Nouvelle vie, nouvelle vocation pour l'église St.James the Less

Le retrait de six vitraux de l'église St.James... (La Tribune, Maryse Carbonneau)

Agrandir

Le retrait de six vitraux de l'église St.James the Less a débuté ce lundi. Ils seront acheminés au Bishop's College School où ils seront restaurés et conservés. Ci-contre, le vitrail dédié à la mémoire de Suzanne MacPherson de Saint-Jean de Terre-Neuve, une jeune élève du King's Hall décédée en 1953 à l'âge de 15 ans.

La Tribune, Maryse Carbonneau

Partage

Partager par courriel
Taille de police
Imprimer la page

(Coaticook) L'église St.James the Less ne sera pas démolie. C'est ce qu'a annoncé son nouveau propriétaire, l'homme d'affaires René Jubinville, suivant l'évaluation de l'état de santé du bâtiment. La réouverture de l'église est prévue le 1er juillet 2016 afin d'y accueillir divers événements et célébrations, dont les mariages, réunions et spectacles.

Bien que des travaux majeurs de réparation soient nécessaires avant l'ouverture des portes, incluant la réfection de la toiture et l'installation de nouvelles fondations, M. Jubinville considère que le prix d'achat d'un dollar lui donne la latitude dont il a besoin pour procéder aux investissements.

Malgré cette heureuse nouvelle, le promoteur déclare ne pas avoir du tout apprécié « ce qui s'est passé et comment ça s'est passé ». M.Jubinville faisant référence aux tollés de protestations et de questionnements qu'avait suscités l'annonce de la vente de l'église St.James, notamment en raison de son rôle de conseiller municipal. Une annonce qui avait pris par surprise à la fois le conseil municipal lui-même, le Comité sur l'avenir de l'église St.James, ainsi que la communauté comptonoise. « Je n'ai jamais dit que je démolirais l'église, poursuit M. Jubinville. Il ne faut pas créer des histoires avec des choses qui ne sont pas dites. Au lieu de dire n'importe quoi, je prends l'information et quand elle est bonne et précise, je parle. Présentement les choses se calment et j'en suis très content. »
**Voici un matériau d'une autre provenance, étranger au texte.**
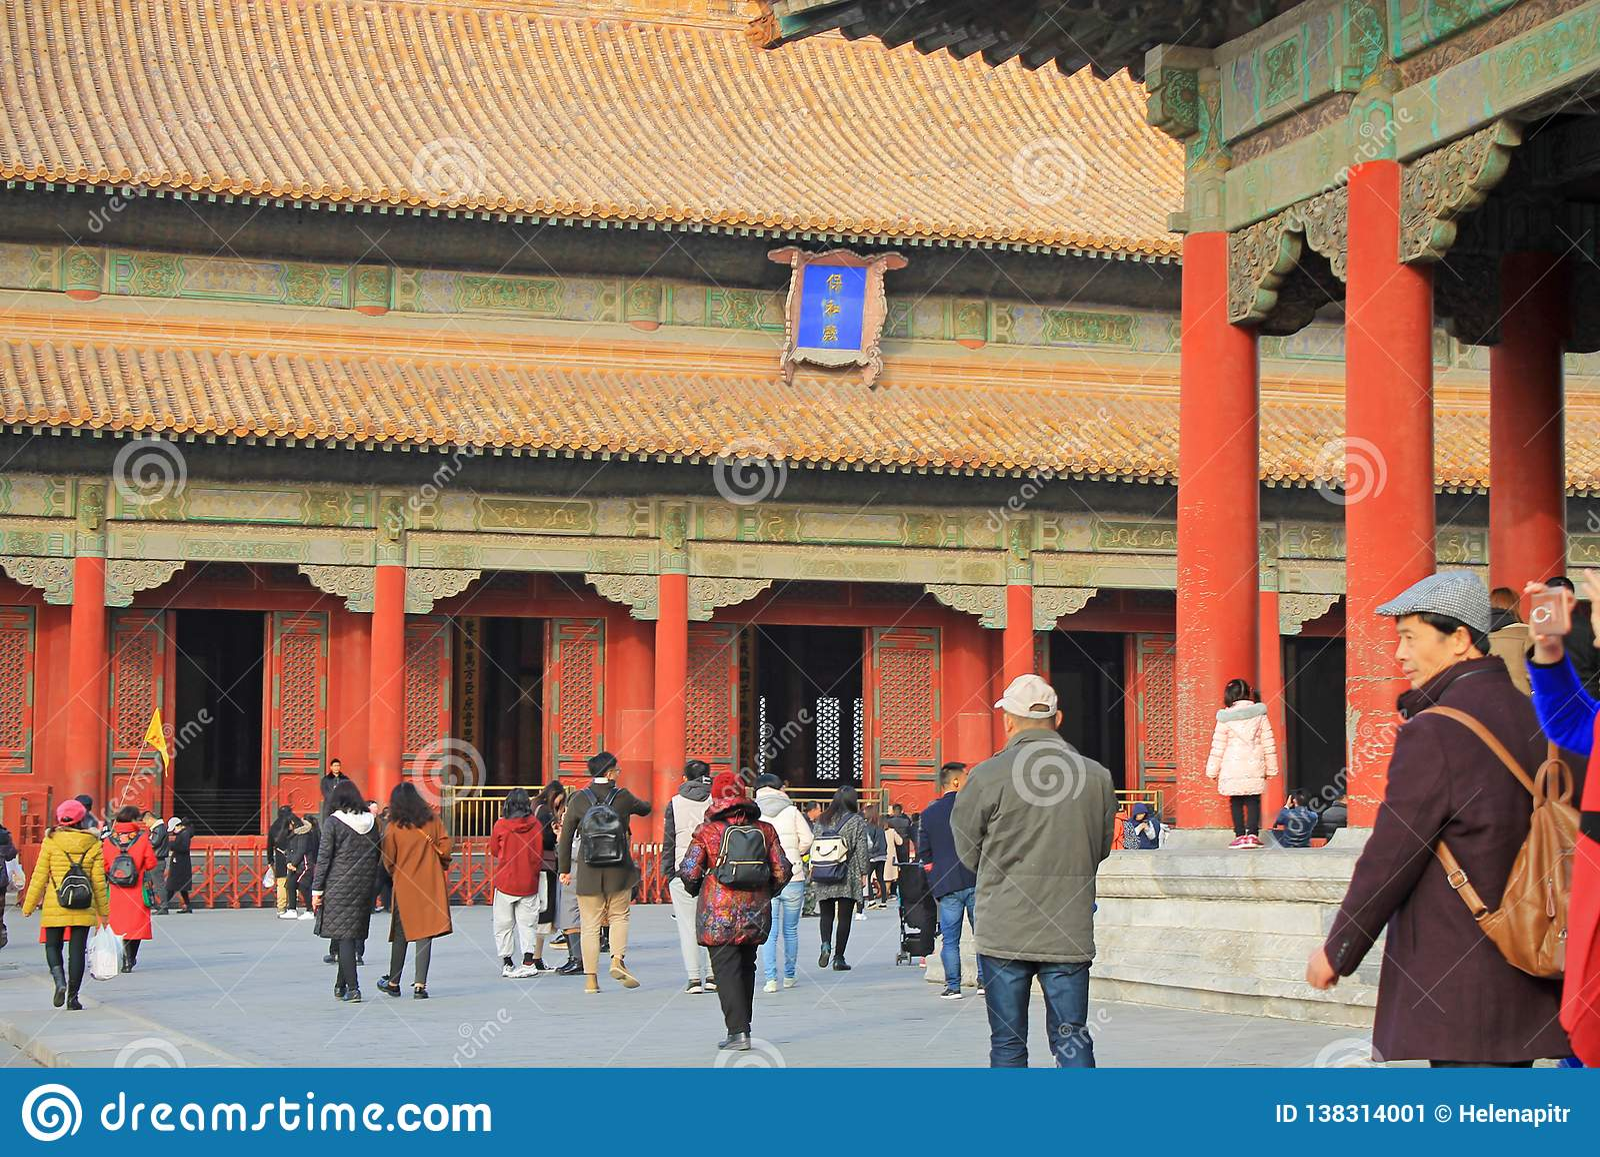 Red pillars of Forbidden city

Retrait et restauration des vitraux

Après consultation au sein de la communauté de Compton et suivant l'entente établie entre le Diocèse anglican de Québec et le promoteur, le Bishop's College School (BCS) a entrepris le retrait d'éléments patrimoniaux dont la cloche, des bancs, ainsi que 6 des 10 vitraux, une sélection dictée par le lien qu'ont ces vitraux avec l'histoire du King's Hall situé à proximité.

Cette démarche s'appuie sur l'histoire même de BCS, l'institution s'étant fusionnée avec le King's Hall en 1972. De fait, le BCS s'est engagé à « restaurer les objets et à les incorporer au sein d'expositions historiques dans l'espoir de préserver une importante partie de l'histoire qu'ont partagée le King's Hall et la communauté anglicane de Compton. »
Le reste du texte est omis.